Re: about group delay
your can refer to pg.89 of Bruce Carlson (Communication Systems -4th Edition) for a good discussion on the topic - the book can be downloaded from the downloads sections.
In time domain, we know that "The output is undistorted if it differs from the input only by a multiplying CONSTANT and a finite time delay".
Clearly, whenever a signal passes through a system, it must incur some delay. This constant time delay, in frequency domain (you must've studied with Fourier Transform) becomes a LINEAR PHASE SHIFT (linearly related to frequency)....

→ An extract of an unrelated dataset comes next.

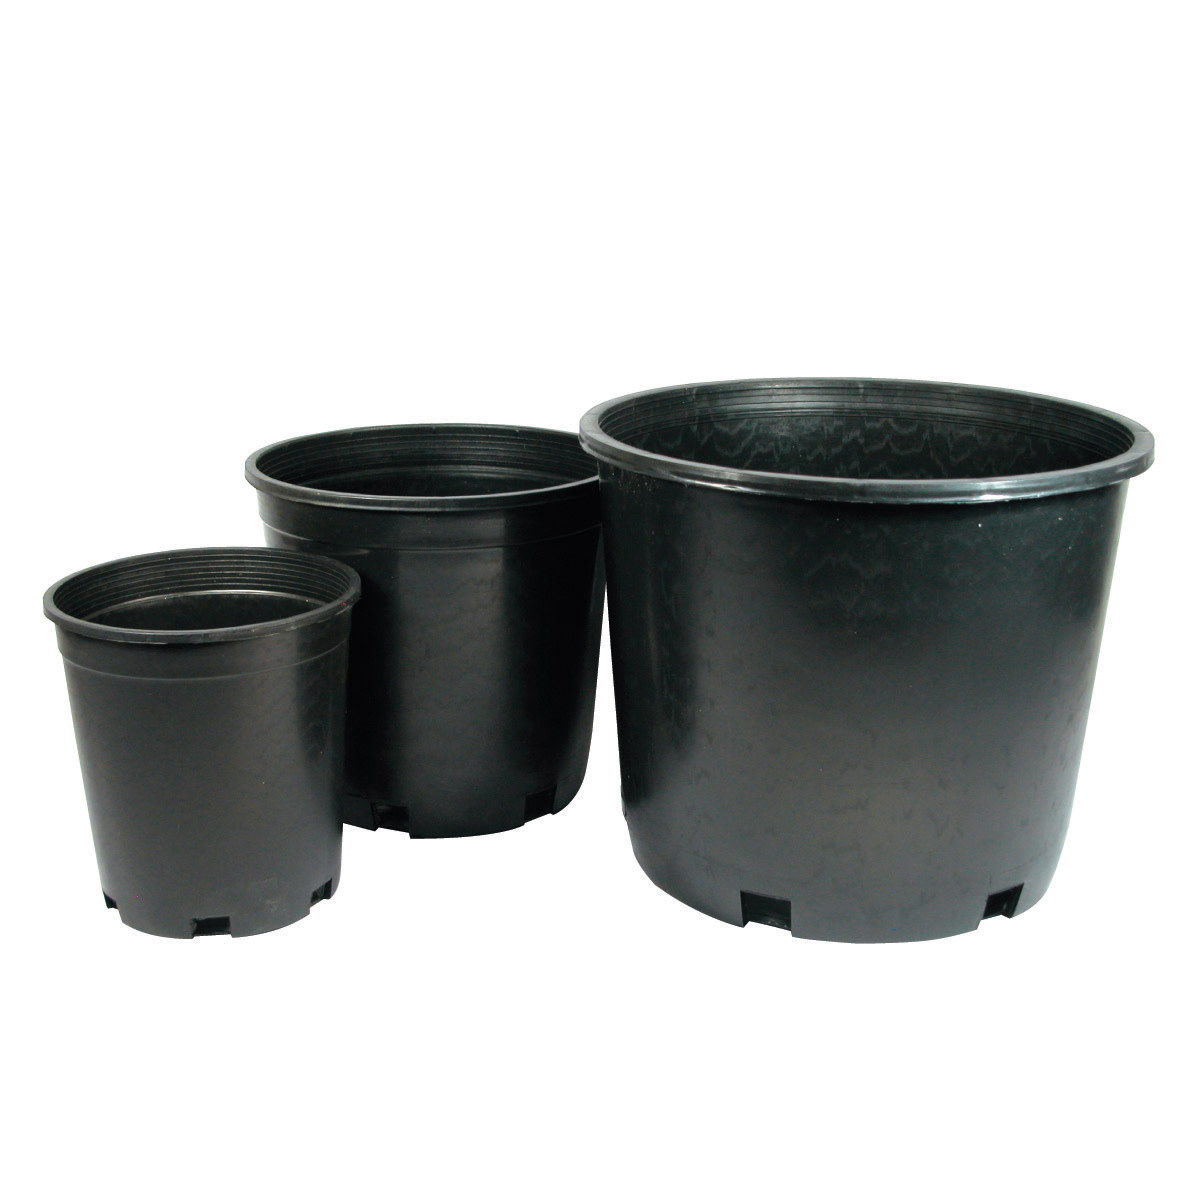 INP Nursery Pot Black 15 gal

Let us take an example where a signal suffers from a CONSTANT PHASE SHIFT, i.e. let us assume that all its frequency components incur a phase shift of 70°. Now in time domain, if the frequency component with a frequency of 'x' kHz has a delay of 3 microseconds (corresponds to 70 degrees), then the frequency component with a frequency of '3x' kHz will have a delay of 1 microseconds (corresponding to 70 degrees, i.e. (70/360)*Timeperiod_of_3x_kHz)....Thus due to CONSTANT PHASE SHIFT, different frequency components of the same signal suffer from DIFFERENT TIME DELAYS....which definitely causes distortion, b/c each frequency component has a different tim period...
On the other hand, if the signal suffers from a LINEAR PHASE SHIFT, phase shift proportional to frequency, then the 'x' kHz signal will suffer from the same time delay as the '3x' kHz signal component.
This got a bit complicated....but still I hope it helps...